More imaginative and striking than your everyday "distinguished" film adaptation of a celebrated literary work, Atonement, scripted by Christopher Hampton from Ian McEwan's novel and directed by Joe Wright, is an effective and affecting surprise this award-movie season.
One reason it surprises, at least as far as this reviewer is concerned, is because it's substantively more credible and enjoyable than Wright's feature debut, 2005's Pride & Prejudice, which also starred Keira Knightley. I'm not sure if it was entirely Wright's idea to spice up the umpteenth film adaptation of Jane Austen's novel by treating it as if it were Wuthering Heights, but the idea was a lousy one, turning a piece that was perfectly fine as a comedy of manners into an overbaked slab of would-be Romanticism. In short, a drag.

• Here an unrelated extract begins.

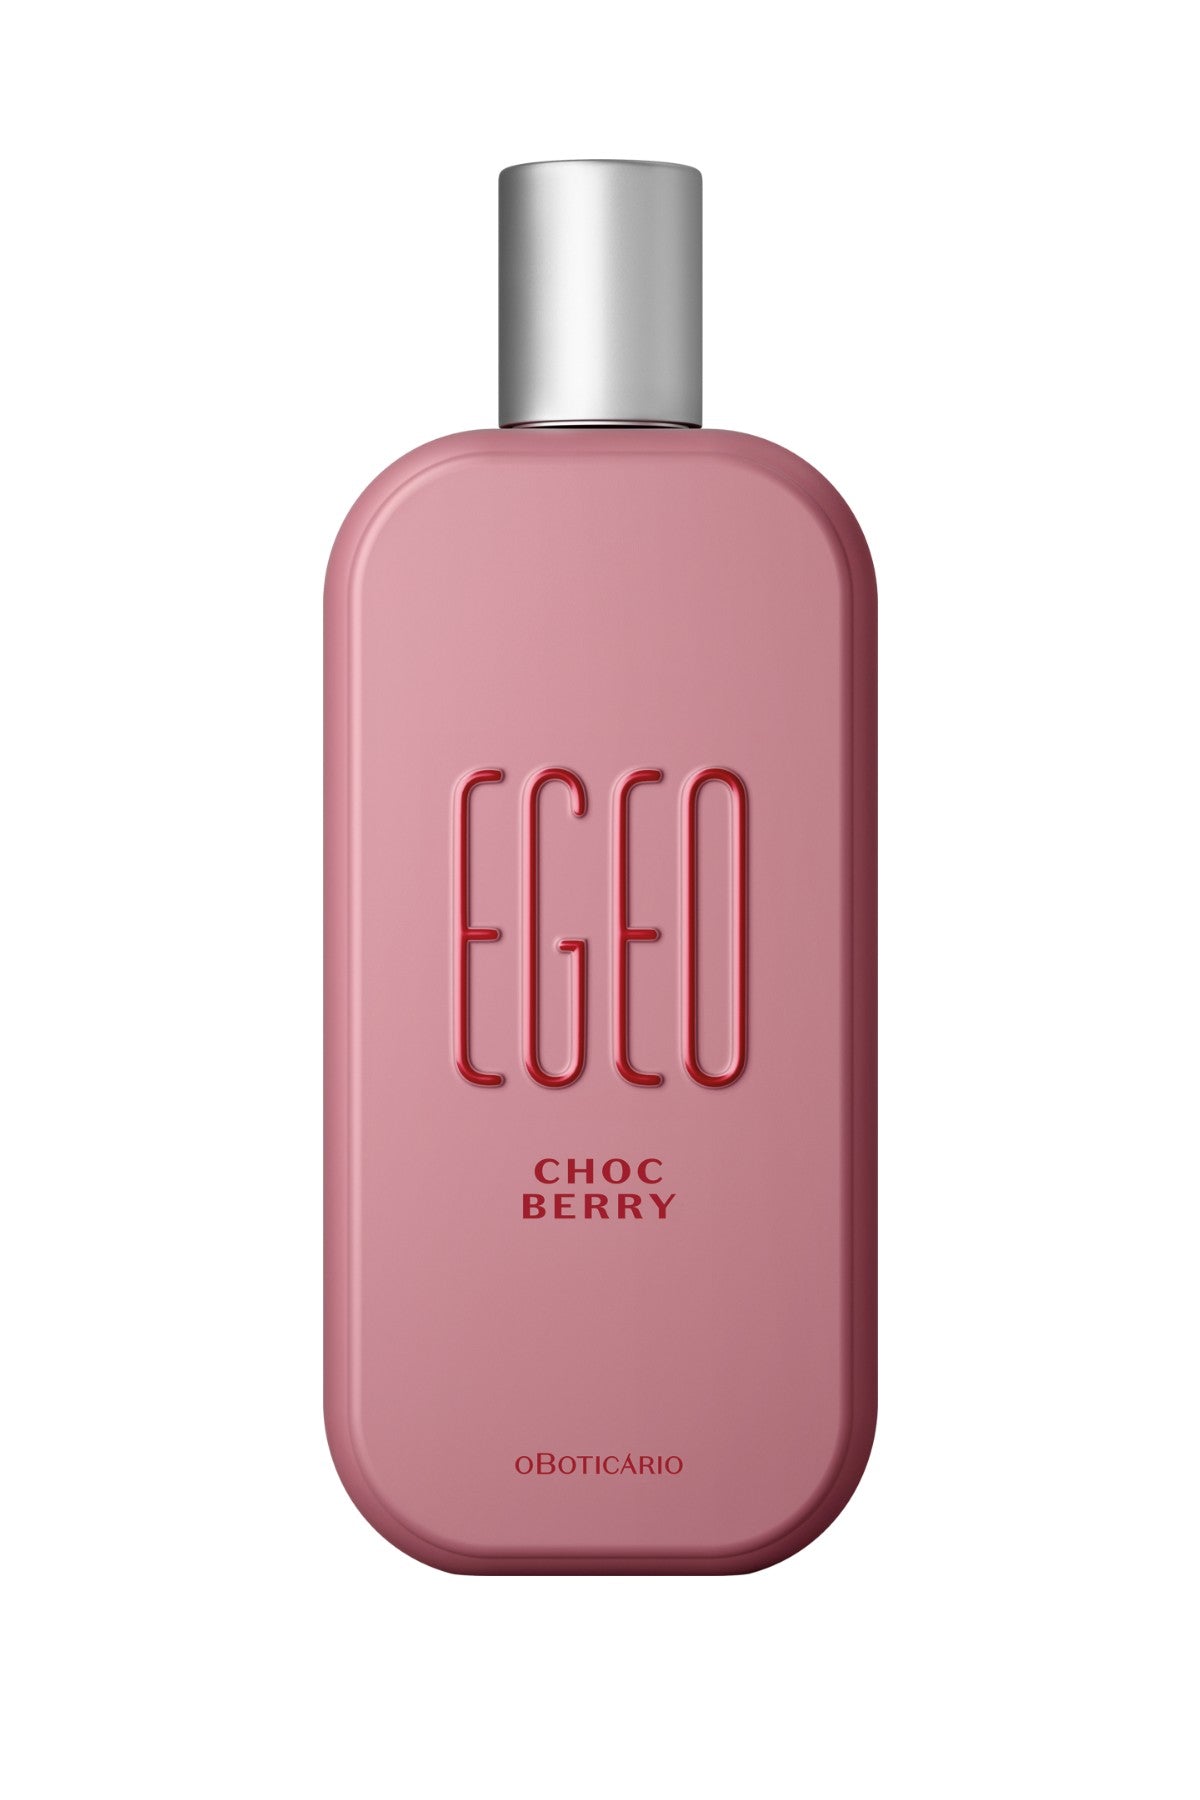 Egeo Choc Berry Eau de Toilette for Women

Maybe it's the fact that McEwan's work is darker and more overtly purposeful than Austen's that makes it easier for Wright to "get" it, or at least not so overtly meddle with it. In any case, there's quite a bit less straining for effect here as the film unfolds a seemingly straightforward tragedy that has a typically McEwen-esque sting in its tail. The picture begins in the pre-WWII '30s, in midsummer at the sort of English country manor famously idealized by the likes of Waugh and Wodehouse, and in the earliest scenes Wright strikes just the right evocative notes to conjure an admittedly muggy Eden that's ripe for a fall. Precocious teen Briony (Ronan, quite energetic in her spite), the younger daughter of the household, has just written a play, and is setting to rehearse it for the evening's entertainment when she spies her older sister Cecilia (Knightley) seemingly cavorting with Robbie (McAvoy), the son of some servants. Briony, we learn, has her own schoolgirl crush on Robbie, so this doesn't sit well with her. We also learn that Robbie is in fact in love with Cecilia (and she in love with him), and when he later entrusts the already resentful Briony with a note intended for her older sister, he unwittingly sets into motion a series of events (abetted by the pervy activities of at least one adult upper-class rotter visiting the estate) that very soon put a halt to the inchoate amour between Robbie and Cecilia, and pretty much destroy Robbie's life, as he winds up in jail for a crime he not only did not commit, but was accused of whilst in the midst of a heroic act. (Because that's the kind of guy Robbie is.)
Robbie's salvation, or at least reprieve, comes in the form of the war itself… which sees him released from prison to serve as cannon fodder, more or less. He and his comrades are part of the British retreat of France, while across the English Channel, Cecilia is working as a nurse, while Briony (now portrayed by Garai with a perpetually, and understandably, furrowed brow), finally aware of her perfidy and seeking to atone, is training to be same…and writing away all the while. Wright and company do some impressive work depicting the British flight from Dunkirk, and choreograph the eventual reunion of the three characters with exemplary briskness. The coda is delivered by Redgrave, as the aged Briony, now a successful novelist, explaining the origins of her latest and last book to a television interviewer (played by director Anthony Minghella).
It's a compelling story whose ironies speak of the consolations of art, among other considerable themes, but it's conventionally compelling in its telling, only occasionally (albeit strikingly) daring in its emphases (as in the scene where Robbie playfully/ardently types out his true feelings to Cecilia). The settings are handsome, the cinematography accomplished, the performances first-rate. Knightley's Cecilia is fetching and moving, and McAvoy imbues Robbie with a sort of good-old-fashioned leading-man charisma he hasn't shown before. Yes, it is all relatively tasteful and proper, but it does manage to stick to the ribs a bit more than most films of its ilk do.